ING Headquarters Building Case

·         “When 1% of a building’s up front cost is spent, 70% of its lifecycle costs are committed.”  -Joseph Romm

·         538,000 square foot bank in the Netherlands – all plants are fed with roof rainwater, every office has natural air and light, HVAC is passive, within 5km of employee’s homes, minimal parking, 92% less energy than comparable buildings >> absenteeism dropped 15%.

Trees

·         Paper = 2% of the world trade, 2.5% of industrial production, is a $132B industry in the U.S., 10% are filed and the remainder are discarded or recycled.

·         Closing the loop:

o   NYC recovered 50,000 wooden pallets/year and saved $500k/disposal.

o   Germany: reusable pallets, barcodes, and cooperage.

o   Paper recycling fiber: U.S. 47%, Holland 96%, Japan 52%.

o   Process: Wisconsin ban paper to landfill > Green Bay Packaging designed a zero discharge paper mill and became the lowest cost producer because they were doing in-house recycling and located their factory away from the river (GB Packaging created an economic advantage after the policy was put in place).

o   Hemp and grasses have higher fiber content than wood.

Energy

·         97 quadrillion BTU’s flowed through the U.S. in 2002 and we are heading for a 50% increase.

·         There are many system losses:

o   Power Plant losses up to 70%; Transmission and distribution losses up to 9%; Motor, drivetrain and pump losses up to 37%; Pipe and throttle losses up to 53%.

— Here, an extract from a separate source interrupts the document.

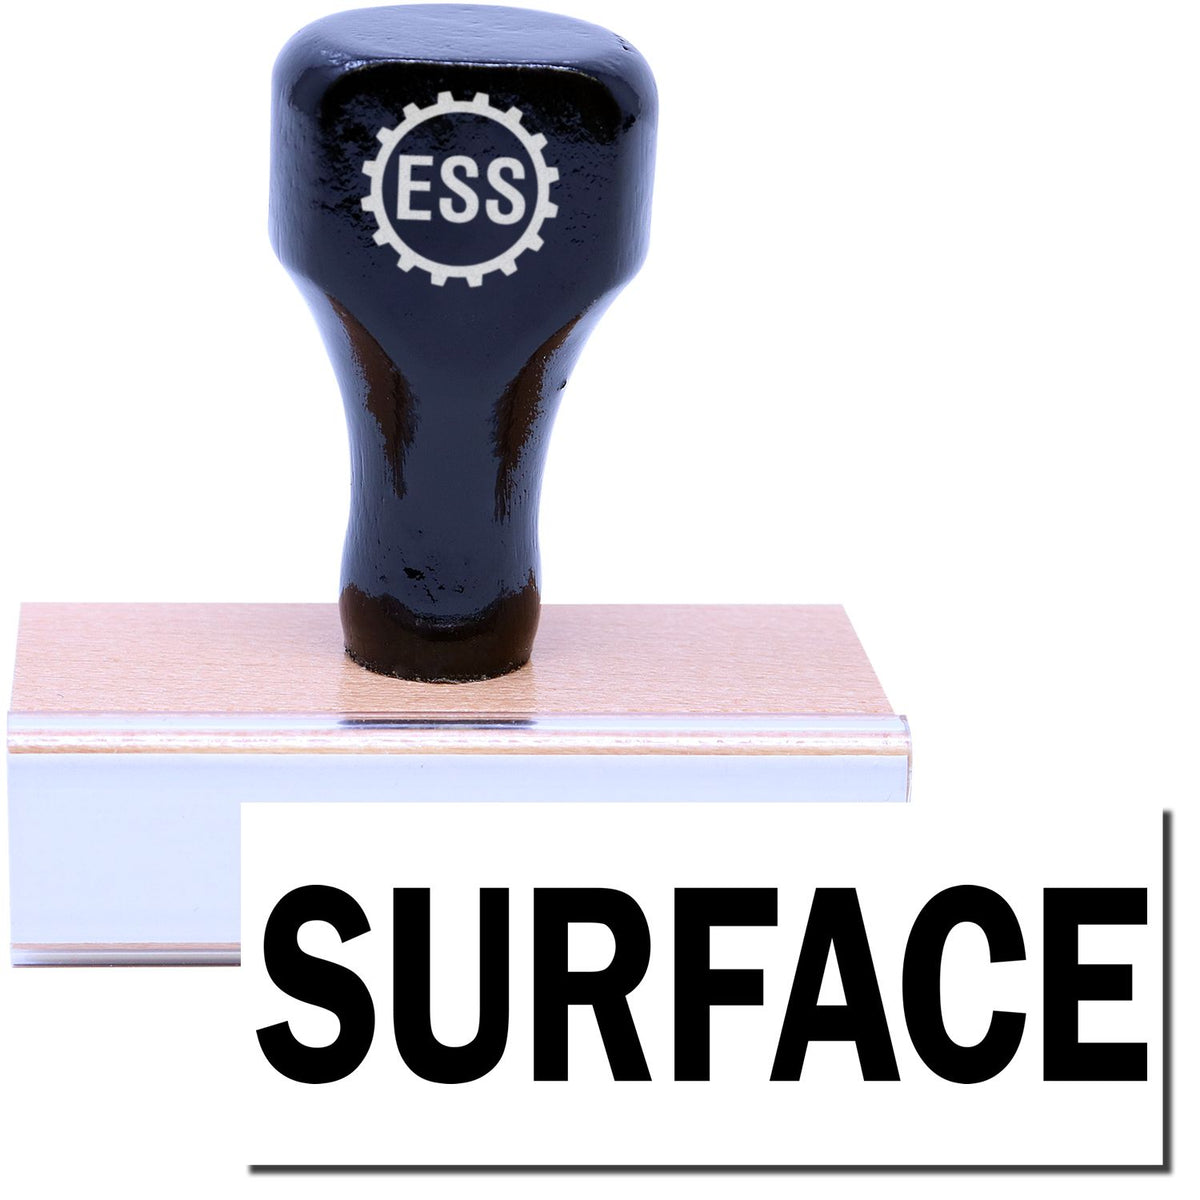 A stock office rubber stamp with a stamped image showing how the text &quot;SURFACE&quot; in a large font is displayed after stamping.

o   A typical 100-unit input pumping system equals 9.5 units output.

·         Solutions include irrigation…

Denmark Wind

·         Denmark has 3,115 MW wind power serving 5 M people

·         The government promotes wind turbine cooperatives (members/owners live within a certain distance of the site and manage the turbine).

Agriculture

·         Agriculture methods have a lot of wastes and inefficiencies (20% of products are unusable before end consumer, distribution over long distances).

·         Hothouses are replacing once a season/stocked harvests.  Farmers markets and co-ops flatten the supply chain.  Solar dryers save energy and reduce bugs.  Crop waste to ethanol for oil substitute.